22Claims for a non-earner benefit are initiated by filing an OCF-3. Ms. Ruchlemer filed her first OCF-3 on May 25, 2017, completed by Chiropractor, Dr. Greenspan. In response to the question in Part 6 of the OCF-3, “Does the applicant suffer a complete inability to live a normal life,” Dr. Greenspan answers “No.” Thus the best evidence available about the Ms. Ruchlemer’s condition nine months post-accident is that she did not meet the complete inability test.
23Dr. Greenspan subsequently reissued the OCF-3 and TD received it on April 24, 2018. The reissued document is identical to the May 25 OCF-3 save and except that Dr. Greenspan has ticked the answer “Yes” to the question whether Ms. Ruchlemer suffers a complete inability to live a normal life. No explanation was given for this change of heart, nor was any medical information drawn to my attention showing a deterioration in Ms. Ruchlemer’s condition. Indeed, from her self-reports, she said the treatment she was receiving was beneficial and she only stopped when funds were no longer available.
24In reply submissions Ms. Ruchlemer makes a puzzling submission that the first OCF-3 was defective because Dr. Greenspan failed to tick the expected duration of Ms. Ruchlemer’s condition. In her submission, TD was under an obligation to send the report back for correction. I say puzzling because the question concerning time is triggered only if Dr. Greenspan answered “Yes” to the entitlement question. One cannot estimate how long good health will last in the same manner as one can estimate how long it may take to recover from a physical injury.
25The balance of Ms. Ruchlemer’s evidence concerning her before accident and after accident abilities is in Mr. Gallor’s record of what Ms. Ruchlemer told him about her abilities, and in the charts of her abilities. These charts fall far short of the evidence required under the Heath test. There is no identification of those activities Ms. Ruchlemer consider important to her life that she can no longer do. Her statements are not subject to any qualitative analysis. The chart indicates that she may be able to carry out a great many pre-accident activities with assistance, but that some activities do cause pain.
26In addition to Ms Ruchlemer’s report to Mr. Gallor, there are also the notes of Ms. Matrasov in her report showing greater function. Ms. Matrasov’s records:
On June 19, 2018 the claimant and her spouse arrived late to their appointment because they were reportedly returning from a visit with her brother in Wasaga Beach, Ontario. On June 27, 2018 Ms. Ruchlemer reported travelling to California with her husband in 2017. On June 27, 2018 the claimant's husband reported that he and Ms. Ruchlemer go to the mall on a usual basis, and socialize with friends over coffee.
27In describing her usual day, Ms. Ruchlemer stated to Ms. Matrasov that: “"A little bit later, we go [out] to eat breakfast." She reports that they go to a restaurant in the neighbourhood and that her husband drives. She states, "We just eat and run...The minute I finish the food I'm out. I can't sit any longer and I don't feel well."”
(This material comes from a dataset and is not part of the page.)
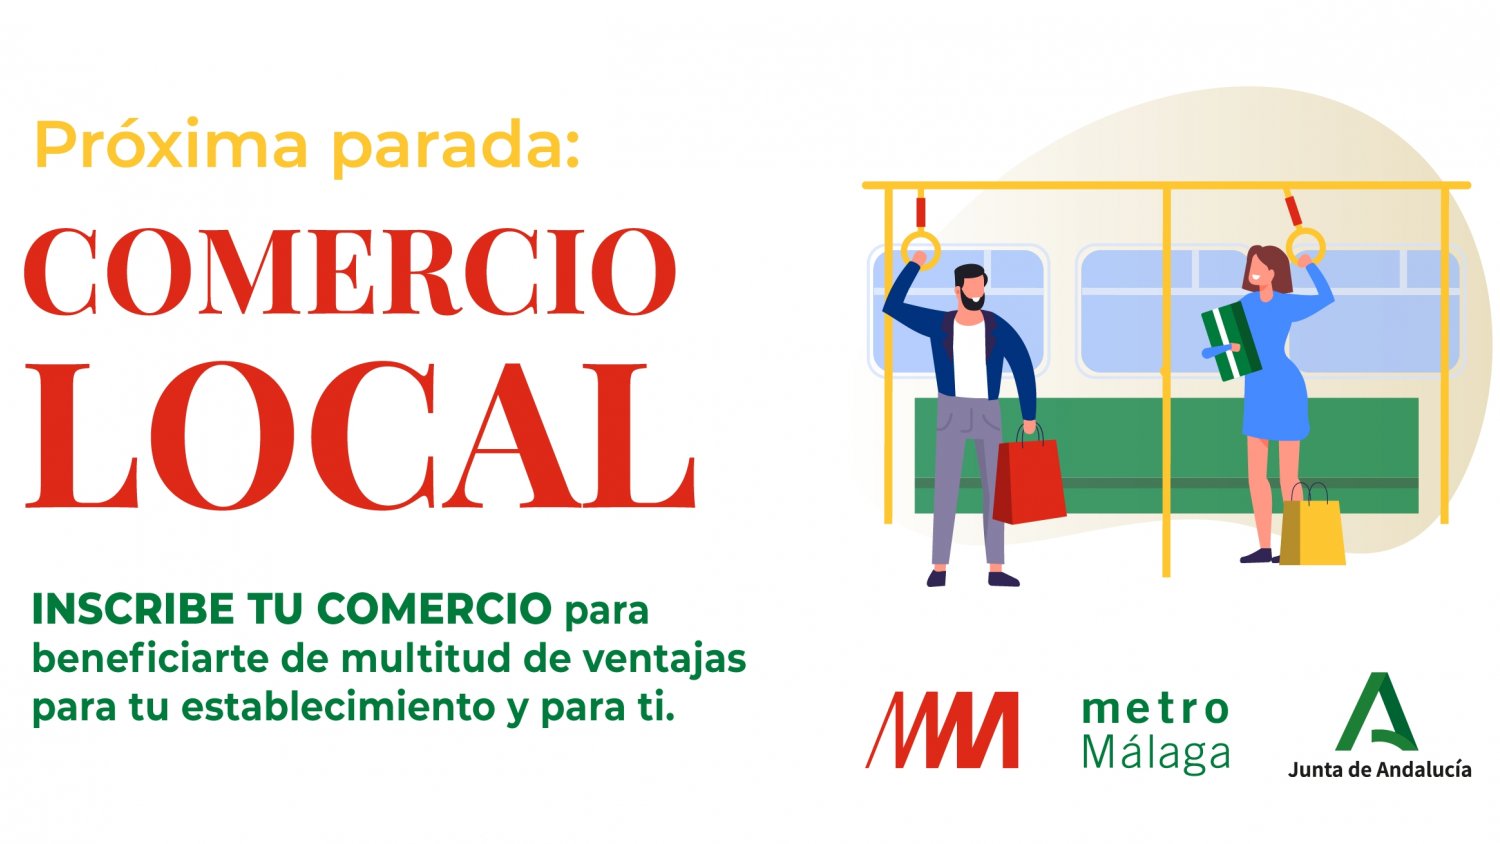 Metro de Málaga inicia una campaña digital para promocionar el comercio local

28I find there is little evidence that Ms. Ruchlemer is continuously unable to engage in substantially all of the activities she previously engaged in. She still visits relatives out of town and travels internationally. She still goes to restaurants to eat, and she socializes. To the extent that she reported lack of socialization as a major change in her lifestyle to Mr. Gallor, she is still capable of it, even in a somewhat reduced fashion than before.
CONCLUSION
29Having considered the evidence and submissions of the parties, I find that Ms. Ruchlemer has not satisfied her onus to show she is completely unable to live a normal life. She is not entitled to a non-earner benefit.
ORDER
30Ms. Ruchlemer’s application to the Tribunal is dismissed.